The celebrated Boltzmann equation is the foundation of the kinetic theory for dilute collections of particles, which undergo elastic binary collisions. The Boltzmann theory is at the center of a series of multi-scaled physical models that connect microscopic multiparticle models to macroscopic fluid models such as the Navier-Stokes equations:

Particles → Boltzmann → Fluids

The first arrow refers the Boltzmann-Grad limit, while the second arrow refers to various hydrodynamic limits which lead to the fundamental equations of fluids. The Boltzmann theory therefore provides a practical tool and machinery for deriving macroscopic models in broad physical applications. Due to its importance, there has been an explosion of mathematical studies, both theoretical and numerical, for the Boltzmann equation. A major open problem that remains is to determine whether or not smooth initial data would lead to a unique global-in-time solution of the Boltzmann equation. Nevertheless, there have been exciting new developments in recent years. The focus of the program is to bring computational and theoretical people together to investigate problems of fundamental importance.

Problem 1: Boundary Effects. Boundary effects play an important role in the dynamics of particles confined in a bounded region. Yet its mathematical study is at an early stage. This is due to the fact that solutions to the Boltzmann equation in general will develop singularities.
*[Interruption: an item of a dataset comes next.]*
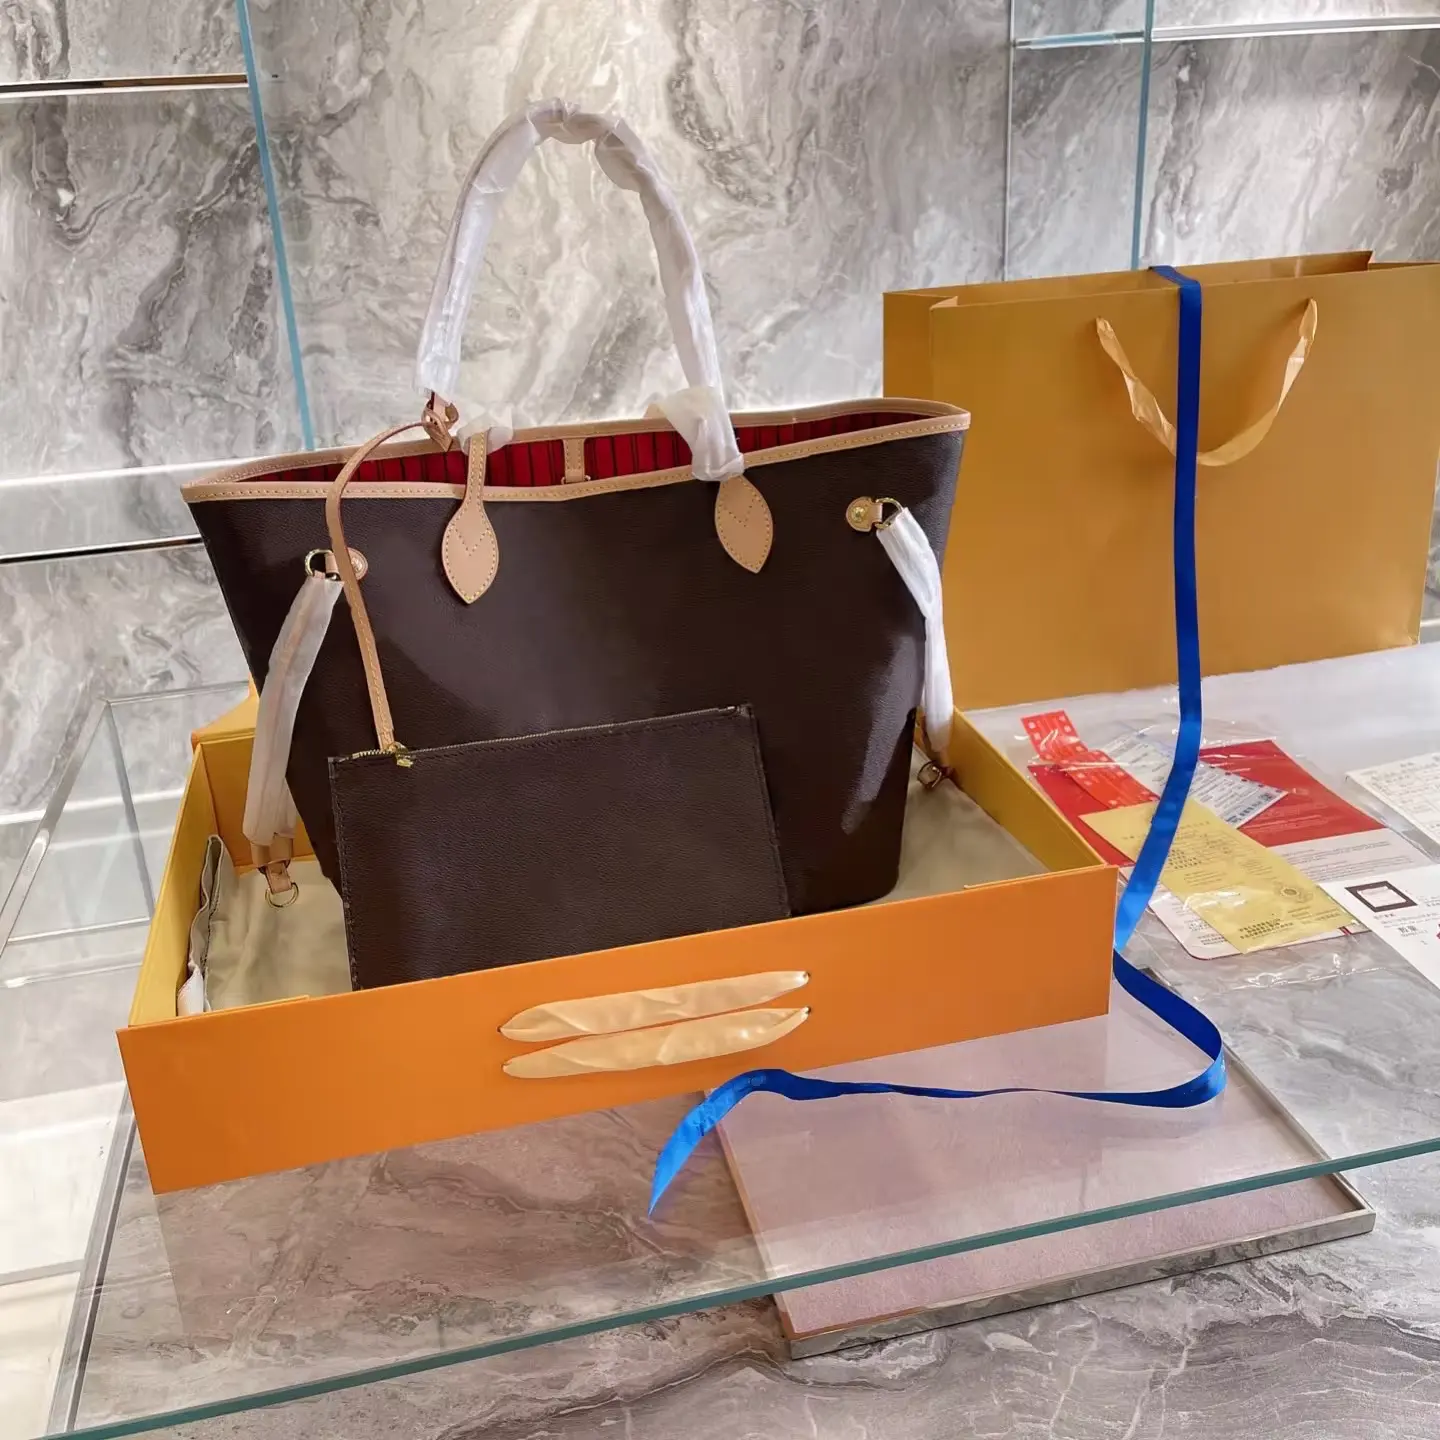 फ़ैक्टरी थोक डिज़ाइनर हैंडबैग उच्च गुणवत्ता वाले चमड़े के टोट बैग महिलाओं के लिए प्रसिद्ध ब्रांड हैंडबैग गुआंगज़ौ में निर्मित लक्जरी

The focus is to investigate the formation and propagation of singularities, both from numerical and theoretical points of view.

Problem 2: Hydrodynamic Limits. There have been lots of studies of hydrodynamic limits of the Boltzmann equation. The focus in our program will be on error estimates and higher-order expansions of hydrodynamic limits both from the theoretical point of view and from the point of view of numerical simulation. Boundary and initial layer analysis for hydrodynamic limits, which has been barely studied, is an important area that is ready for investigation.

Problem 3: Boltzmann-Grad Limit. There has been little mathematical work in this direction since the work of Lanford. The focus will be on boundary effects in the Boltzmann-Grad limit, and on the application of Lanford?s proof to establish the Boltzmann-Grad limit for other particle systems of physical importance. Numerical simulations at the particle level will play an key role.